Nenameseck NFAA Round Fun Shoot 7/22

Fun shoot. NFAA type targets.
Shoot all day for $10.00
Starts anytime after 8:00 a.m

Nenameseck directions use:
75 w.ware Road 
Palmer MA 01069


----------



## montigre

*Anne Arundel Archers of Crofton, Maryland....Sunday, July 22nd

*Dog Days of Summer Shoot and Club Championship
14 Field/ 14 Animal
9:00am start
Breakfast and lunch will be available at the club
Directions available at the club's website: http://annearundelarchers.com/​


----------



## rock monkey

INTERNATIONAL ROUND

Bow&Barrel Archers
28 July 12
$8 for adults
registration runs 8-11am, groups of 2 or more (max of 4) preferred. New to the game archers will be grouped with archers with experience in the game. kids are accommodated on our course.

Hot lunches, COLD! drinks and *MANY varieties* of Klondike Bars along with Drumstix

we feature both regular and DIET bottled water.

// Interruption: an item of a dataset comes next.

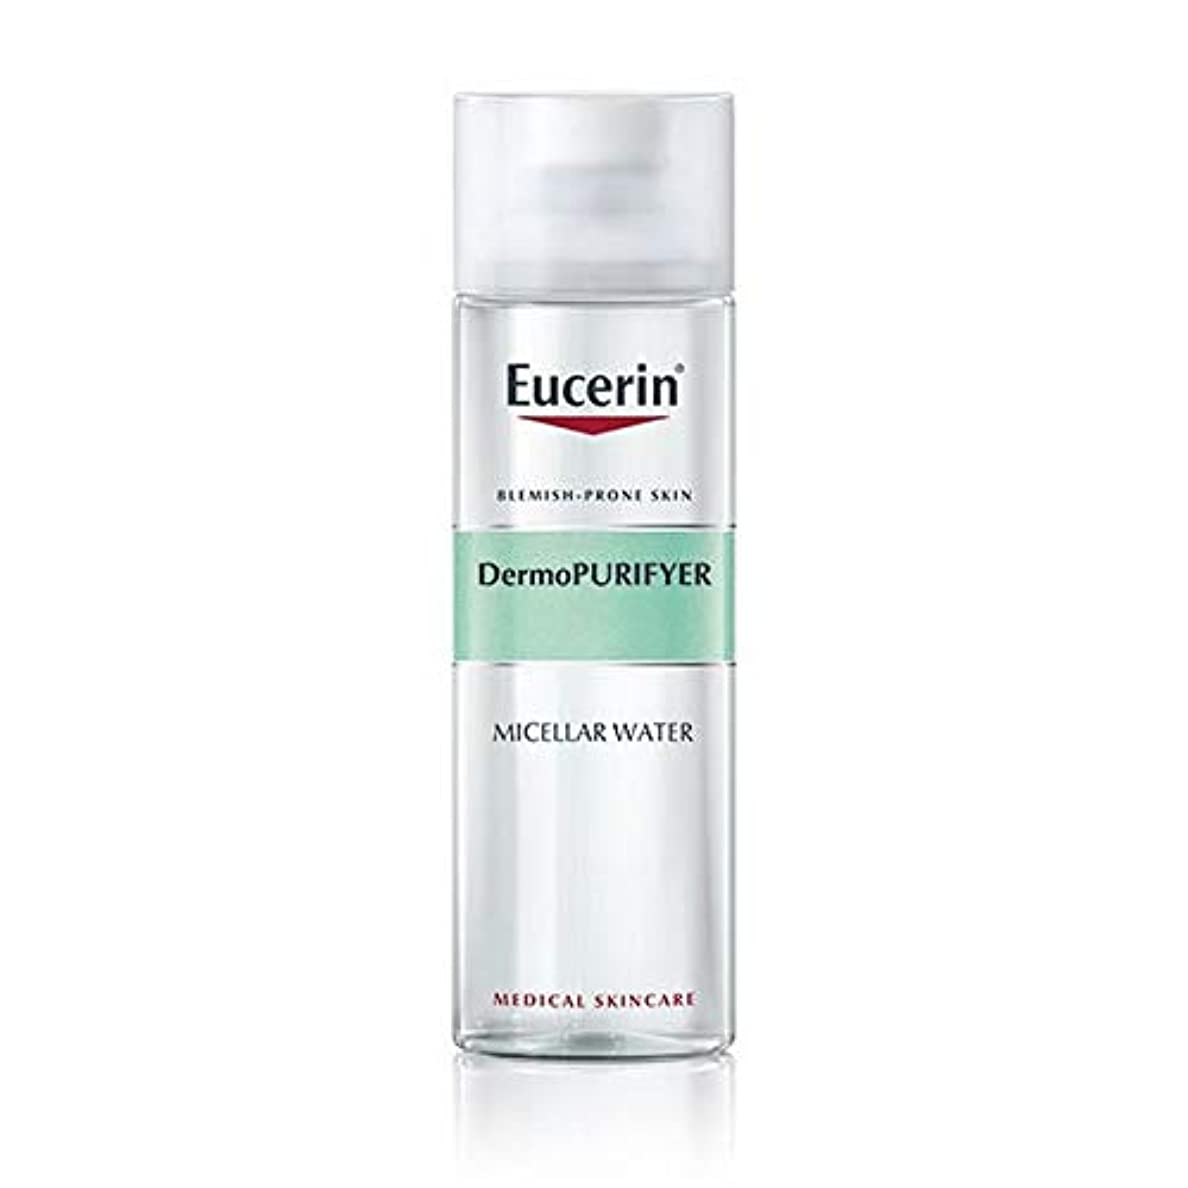 霧ベーカリー問い合わせ[Eucerin ] オイルコントロールミセル水200ミリリットルDermopurifyerユーセリン - Eucerin Dermopurifyer Oil Control Micellar Water 200ml [...

come on out, try a new game, make some new friends and enjoy our hospitality.


----------



## montigre

*Anne Arundel Archers of Crofton, Maryland....Sunday, July 22nd

*Dog Days of Summer Shoot and Club Championship
** Changed to 14 Field/ 14 Hunter instead of 14 Animal
9:00am start
Breakfast and lunch will be available at the club
Directions available at the club's website: http://annearundelarchers.com/​


----------



## Arrowwood

*Stowe Archers* located west of Pottstown PA, between Reading and Philadelphia


The *Stowe Archers field league *starts the third week of April, runs ten weeks ending with a tournament June 30th. Lots of info in the link. Shoot when you want to or as time allows. $40 members, $50 non-members. 


The *PFATA Field State Championship *will be held at Stowe Archers August 11th


----------



## hdracer

*Clinton County Farmers and Sportsmans Association (CCFSA)*

301 Batson Rd
Wilmington, OH



Season starts April 15th - 9 am at the campground (weather permitting)

May 18th - 9 am

June 15th - 9 am

June 28/29 - 9 am OAA State Field Championships (see www.ohioarchers.com for more info)

Contact me at [email protected] for more info and club location. Or go to www.ccfsa.com


----------



## hdracer

Correction: that should read April 13th (Saturday) NOT the 15th (my bad)...


----------



## biblethumpncop

ARIZONA BOWHUNTERS AND FIELD ARCHERY ASSOCIATION
in conjunction with Black Canyon Archers will host


2013 State Outdoor Championship


WHAT: NFAA Field Round 28 Field and 14 Animal on Saturday and 
28 Hunter on Sunday

WHEN: Saturday and Sunday, April 13 and 14, 2013 
Shooting will begin at 8:30am

WHERE: Ben Avery Shooting Facility

REGISTRATION: Pre-registration by mail or email before April 5, 2013

Becky Pearson
PO Box 308
Saint David, AZ 85630
520-720-9532 [email protected]

On site check-in/registration at 7:30 am

AWARDS: Results will be given immediately following the shoot. Shirts will be mailed.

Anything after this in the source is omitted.